According to the State Department’s Global Engagement Center, which is tasked with combating foreign propaganda and disinformation, Beijing is spending billions of dollars to reshape the global narrative toward China through such tactics as buying content, creating fake personas to spread its message and using repression to quash unfavorable internet accounts.

U.S. officials and outside experts have cited recent examples of China-linked actors generating false news reports with artificial intelligence and posting large volumes of denigrating social media posts.

For instance, according to the report, the Chinese government created a fake commentator named Yi Fan, whose pro-Beijing writings have appeared in publications in Asia, Africa and Latin America.

China has slammed the State Department’s report, calling it “in itself disinformation.”

“In fact, it is the U.S. that invented the weaponizing of the global information space,” the Chinese Foreign Ministry said.

But the State Department’s report asserts that China is advancing its agenda through coercion and lies, deploying armies of bots, trolls and coordinated campaigns to suppress content while boosting pro-Beijing messaging—tactics similar to those that Russia has used to disrupt U.S. elections.

The State Department’s report follows a report from the United Nations last year that cites acts by China’s government in the Xinjiang region that might constitute crimes against humanity, while the Washington has gone as far as to say the actions constitute genocide against the mostly-Muslim minority in China known as the Uyghurs. 
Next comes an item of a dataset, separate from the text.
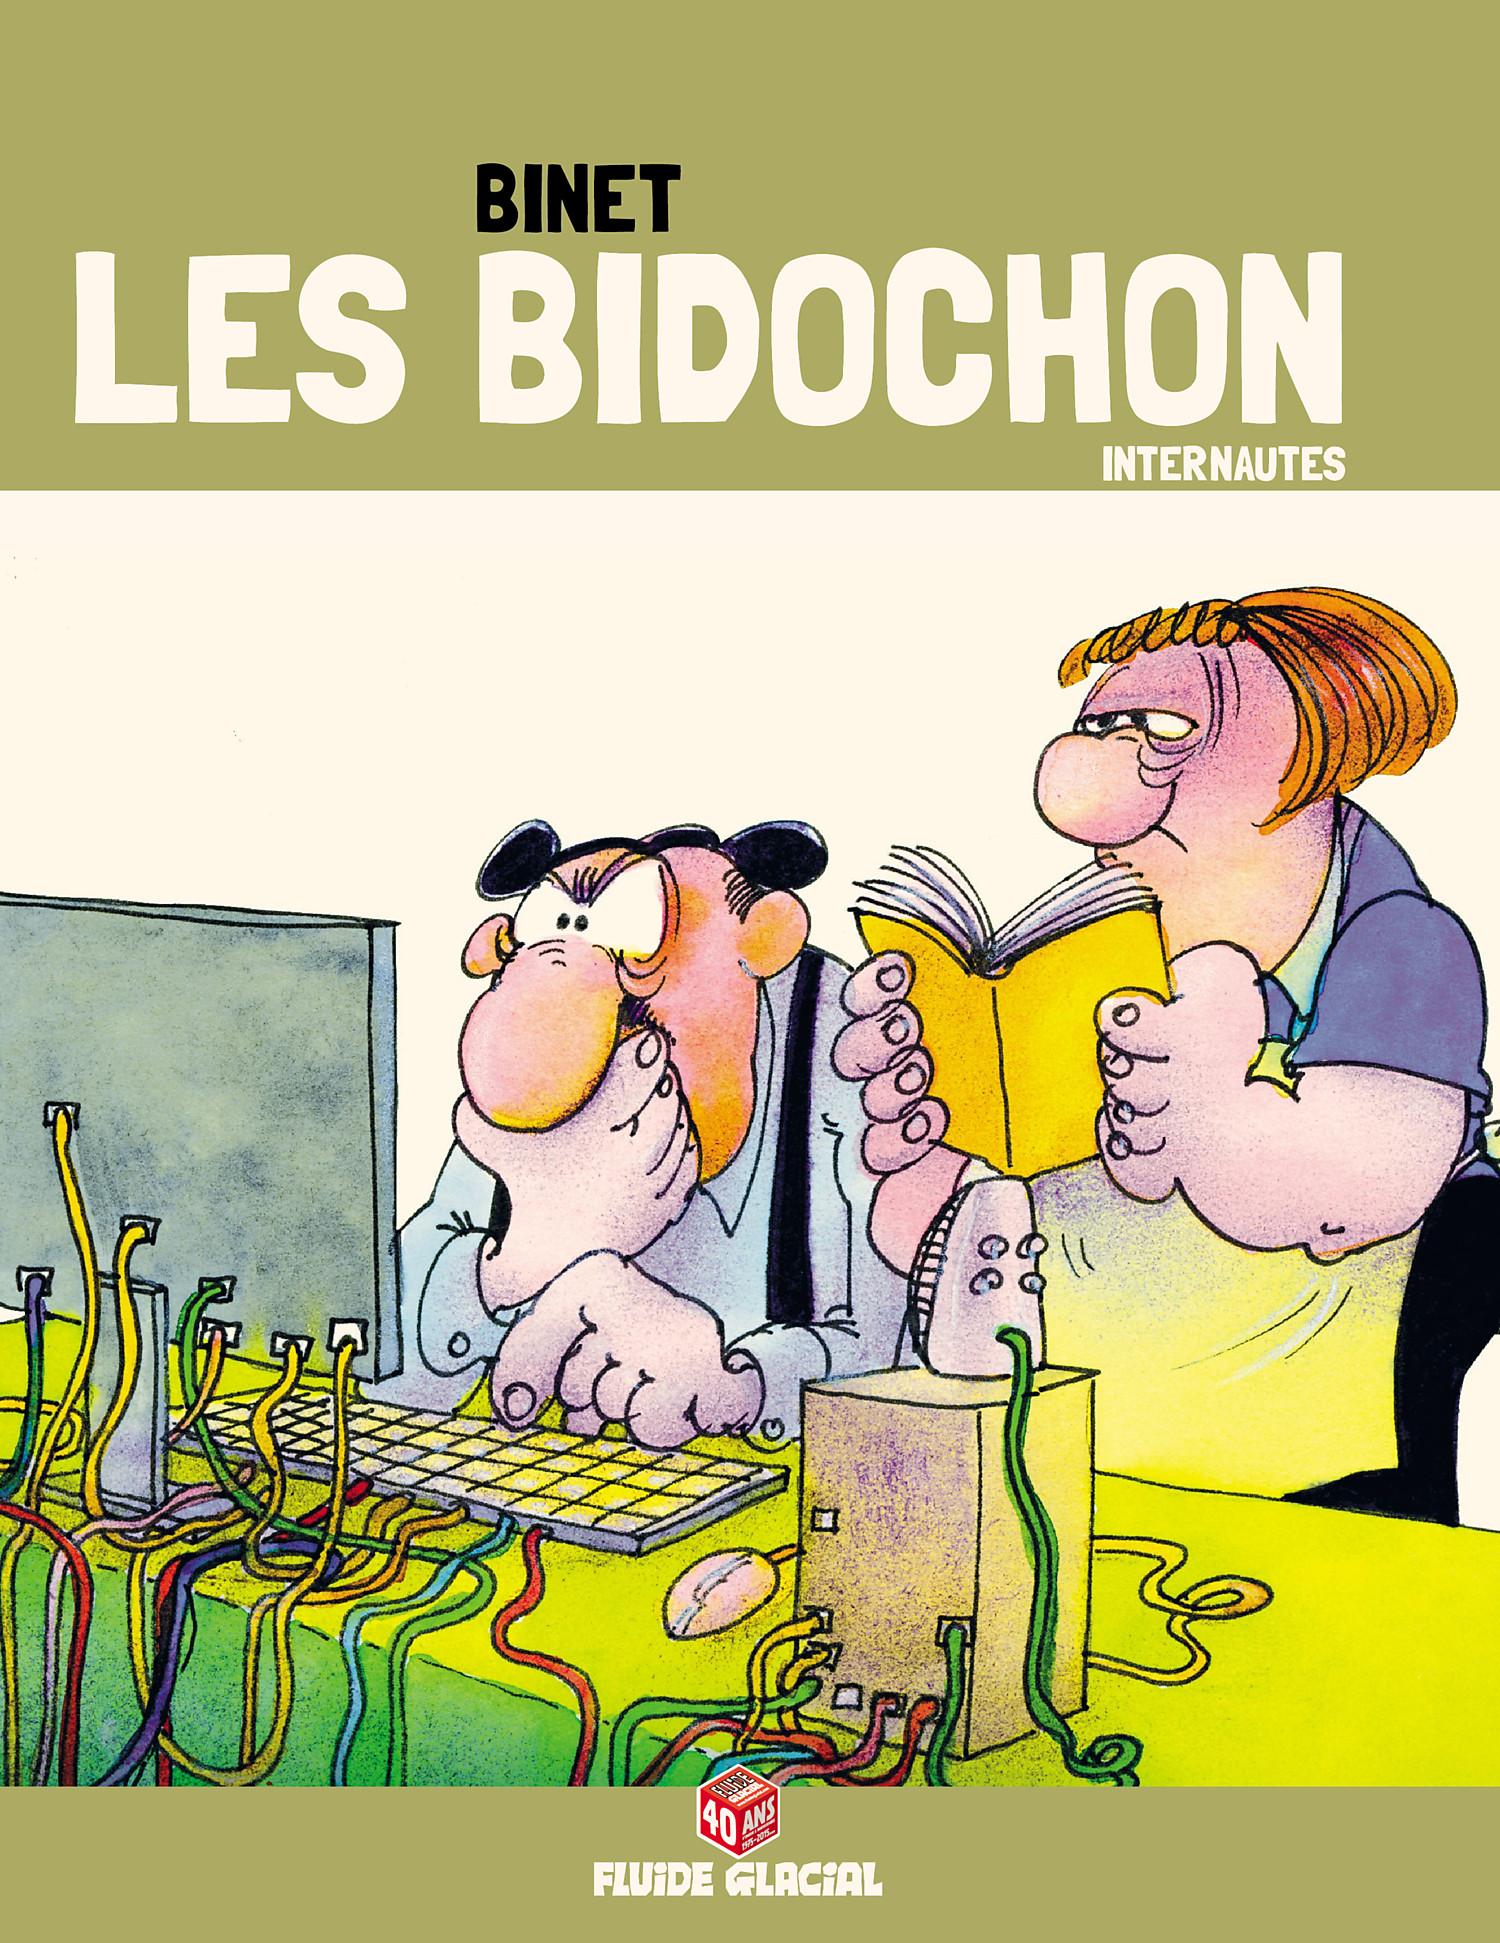 Les Bidochon (Tome 19) - Internautes (édition COLLECTOR) |

Beijing has banned independent reporting in Xinjiang by Western journalists, and it has sought to silence criticism from Uyghurs overseas by threatening to punish their family members at home.

A member the 118th Congress’ bipartisan House Select Committee on the Chinese Communist Party, Rep. Raja Krishnamoorthi (D-IL) has said, “This should be a whole of government effort….The CCP is going around the world bad-mouthing the U.S., bad-mouthing our institutions, bad-mouthing our form of government. We have to counter this because ultimately it’s not in the best interests of the United States.”

China is increasingly viewed unfavorably in the U.S., much of Europe, Australia, South Korea and Japan, according to Pew Research Center data published last year.

But other countries—often driven by Chinese investments in infrastructure and security assistance—have a more positive attitude toward Beijing. 

In the event of a war over U.S.-backed Taiwan, toward which China has been saber-rattling for months, experts believe shaping global attitudes and narratives will be key in ensuring military and diplomatic support for either side.